A kind of mass data clustering processing method based on minimum spanning tree of the present invention, belongs to taxology and data mining is calculated Law technology field.

Background technology

With the progress of computer science, because sample size is huge in increasing data analysis, sample point is difficult to Described according to unified distribution form, it is therefore desirable to carry out the data clusters processing of early stage.Cluster is will be a series of related Data object is combined with each other, so as to form the method for the stronger data acquisition system of some dependency relations so that in each data set Multiple objects in conjunction have each other more closely contacts relation.

Currently used clustering method includes k-means clustering methods, hierarchical clustering method and fuzzy clustering algorithm etc..These The most selections for depending on original state of method, cluster is judged according to completely in accordance with the distance between sample point measurement, right Some have the sample clustering effect of specific physical significance and bad.

But in the application scenarios of machine learning field and correlation, the large-scale data instruction of physical significance usually occurs Practice the scene of model, if not carrying out clustering processing to data, then training process internally stores to hardware and calculating speed is equal There is higher requirement.In addition, the cluster result obtained by commonly using clustering method is difficult to the concept for incorporating physical significance, therefore obtain The result arrived is often unsatisfactory, causes subsequent data analysis to be worked with model training and larger error occurs, and then correlation is ground The development studied carefully causes heavy losses.In order to improve this problem, it is necessary to be improved on the basis of traditional clustering method, use The new mode sample data stronger to physical significance is handled, so as to obtain preferable data result.

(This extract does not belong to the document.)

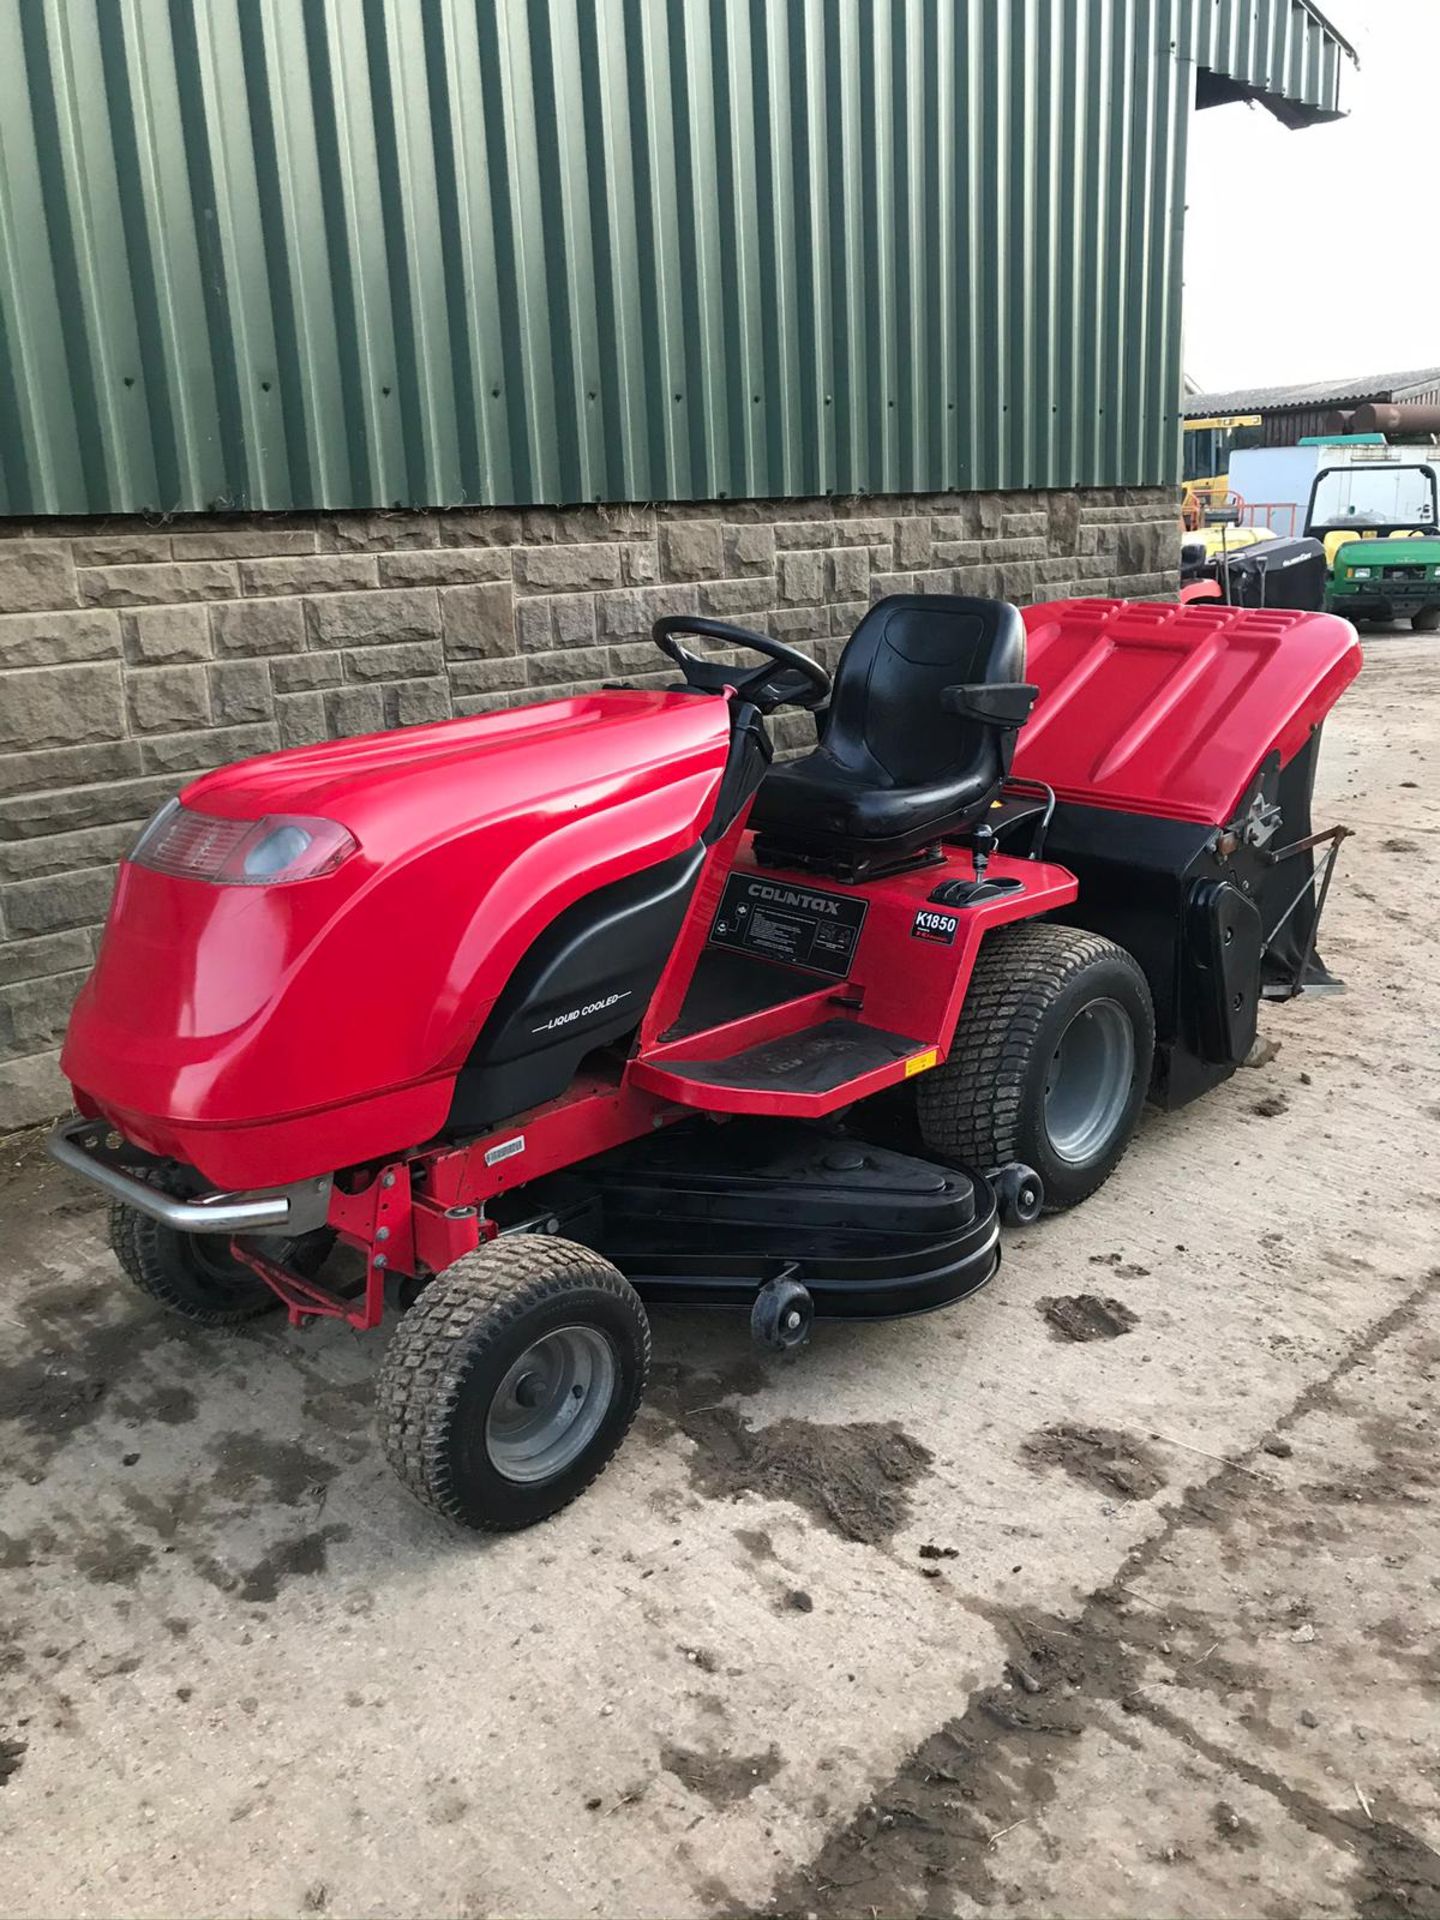 COUNTAX K1850 RIDE ON LAWN MOWER, RUNS, DRIVES AND CUTS, CLEAN MACHINE *NO VAT* - Image 3 of 5
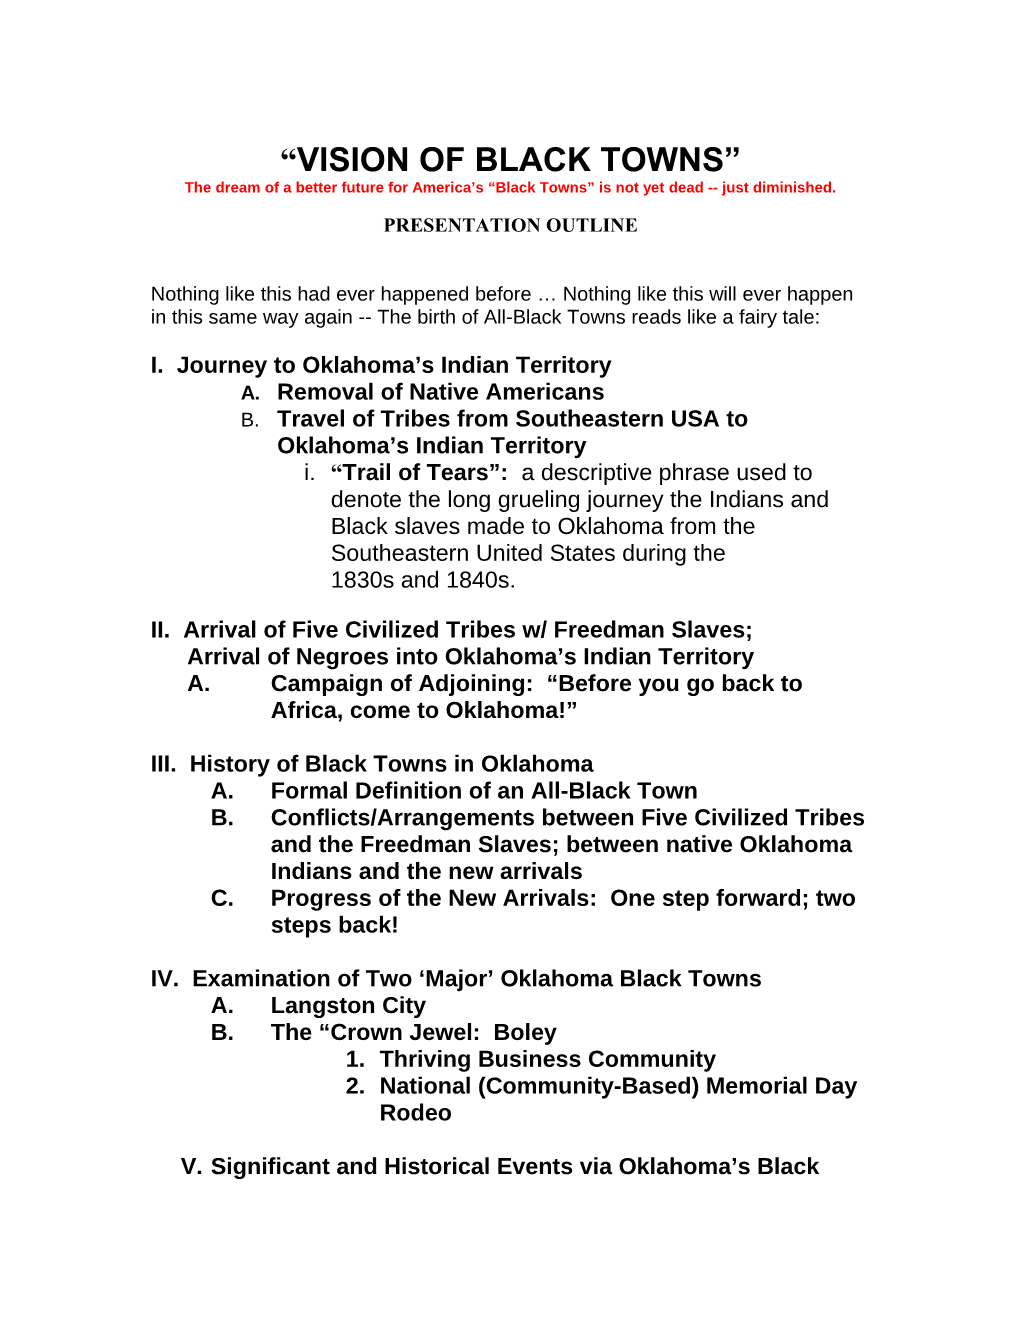 Vision of Black Towns

It is one of feasible method for avoiding above-mentioned error that manual decision's auxiliary is added in clustering algorithm.Conventional clustering method Process is single, the tediously long complexity of calculating process, it is difficult to incorporates the influence of artificial judgment decision-making, therefore most your pupil has been used in this patent A kind of improved sample point clustering method is devised into tree algorithm.Minimal spanning tree algorithm is the conventional algorithm in planning application field One of, the minimum spanning tree by calculating multiple nodes can realize that construction cost or other various aspects of performance are most in engineer applied Excellent design, and the tree of data point can be established, because the characteristics of its is concise, facilitates policymaker to be analyzed, Therefore it is suitable for being lifted the process performance of clustering method.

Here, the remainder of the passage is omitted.